Maxim Biller – sechs Koffer
Kiepenheuer&Witsch
ISBN: 978-3462050868
208 Seiten, 19 Euro (Kindle-Version 16,99)
Maxim Biller schreibt über das Schicksal einer (seiner?) russisch-jüdischen Familie. Nachdem der Großvater 1960 verhaftet und hingerichtet wurde, scheint niemand mehr Vertrauen in die jeweils anderen Familienmitglieder zu haben. Auch Dima, einer der Söhne und der Onkel des Erzählers, wurde verhaftet, kommt aber wieder frei. Noch Jahre später, als alle im Westen sind, trennt sie die Unklarheit über das Geschehene.
Der Autor nähert sich den damaligen Ereignissen, indem er sie aus verschiedenen Perspektiven erläutert. Überwiegend ist es die Sicht des Erzählers, der als Kind, als Jugendlicher und als Erwachsener versucht, hinter die offenen Fragen zu kommen, aber auch ein Brief seiner Tante, die einige Erlebnisse schildert, fügen einige fehlende Puzzleteile hinzu.
Die einzelnen Figuren wirken so lebensecht, als ob sie gleich ihren Platz zwischen den Buchdeckeln verlassen und sich zum Erzählen zum Leser begeben werden. Man kann sie beim Lesen sehr gut vor sich sehen. Was man nicht sieht, sind ihre Motive, sind die Machenschaften, in die sie scheinbar alle verstrickt waren. Es wird deutlich, dass ihre Konflikte noch heute nicht gelöst sind, dass sie noch immer keinen Frieden gefunden haben. Auf nur wenigen Seiten wird hier eine Familiengeschichte wieder lebendig, die viele Jahre umspannt und in der sich seit der Ermordung des Taten (Großvaters) alles nur noch um die Frage dreht, wer ihn verraten hat und aus welchem Grund das geschehen ist.

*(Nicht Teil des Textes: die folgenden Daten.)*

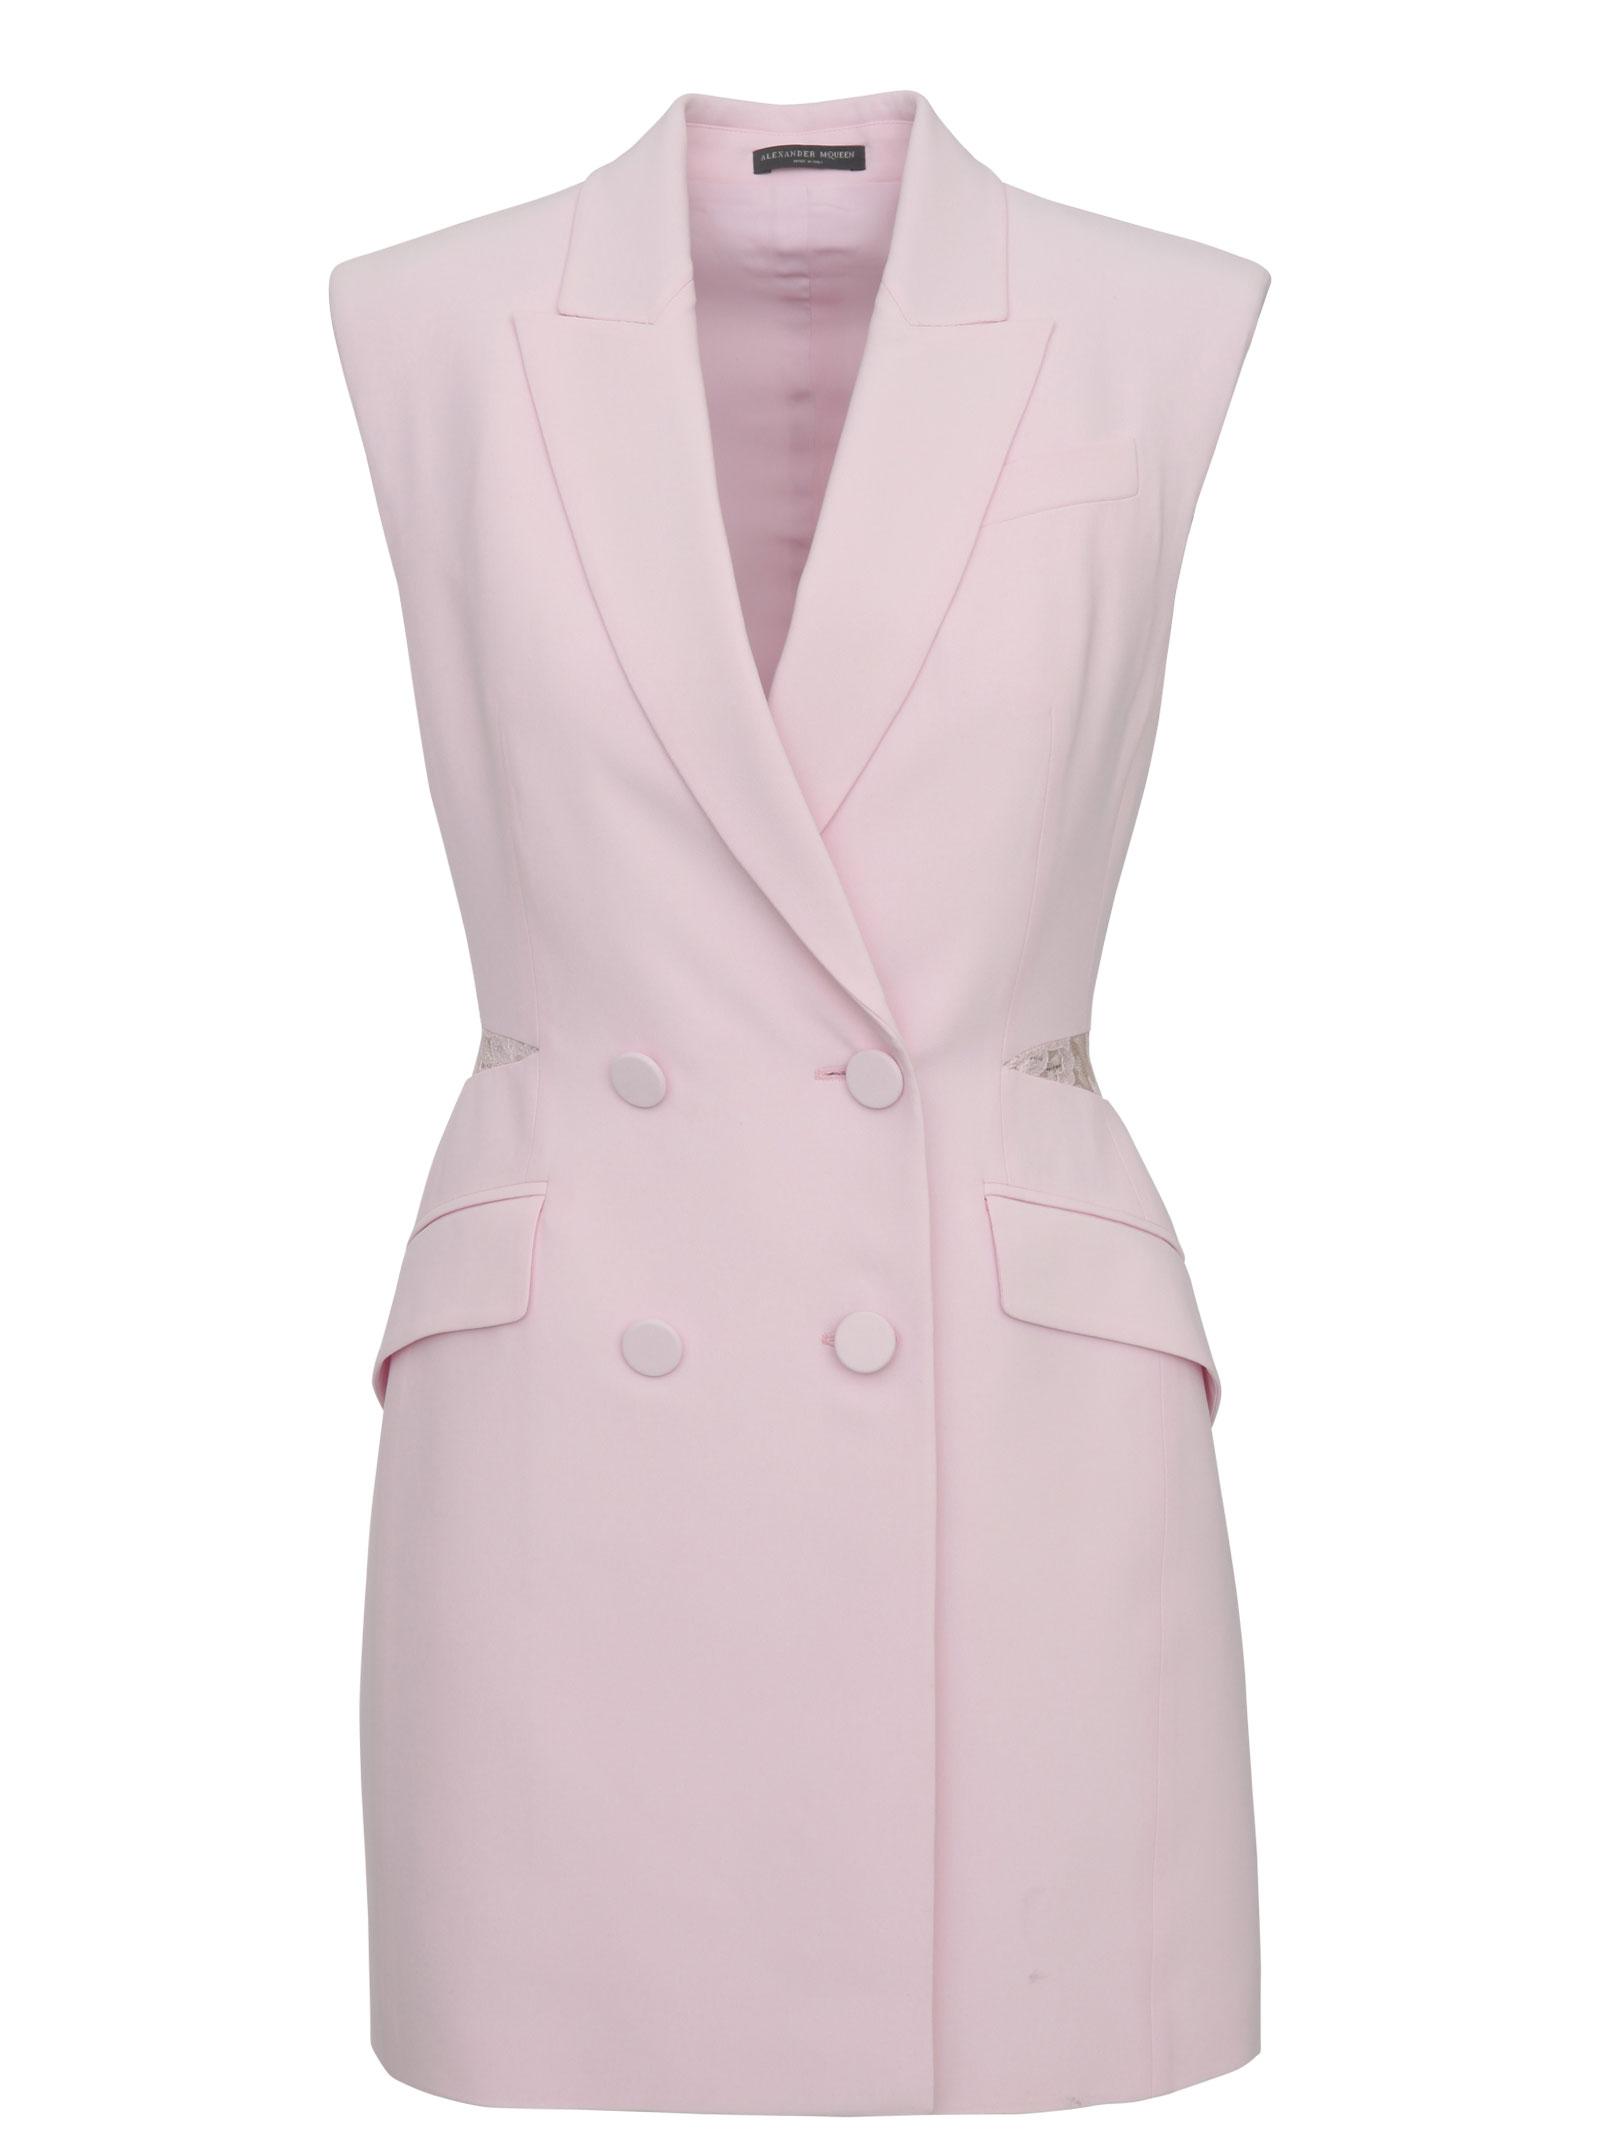 80aba01aad0 Michele Franzese Moda. 0. Alexander McQueen Dress Alexander McQueen

Der Roman ist, wie man ihm nachsagt, in der Tat elegant erzählt und der Autor zeigt einen feinen Humor. Trotzdem blickt er distanziert auf seine Figuren, man merkt wenig Liebe zu ihnen und so distanziert man sich auch als Leser etwas und hält einen gewissen Abstand zu ihnen ein. Genau das war es dann auch, dass mir am Ende Erleichterung bescherte, als ich das Buch beendet hatte. Ein großer Roman, das ist er zweifellos, der mir aber weder Sympathie noch Empathie für Handlung und Protagonisten entlocken konnte. Ich war froh, nicht noch mehr über diese Familie lesen zu müssen und froh, die sich überschlagenen Lobeshymnen nicht vorher gelesen zu haben, sonst wäre die Enttäuschung über diesen Roman noch größer gewesen. Von mir 6 von 10 Eulenpunkten.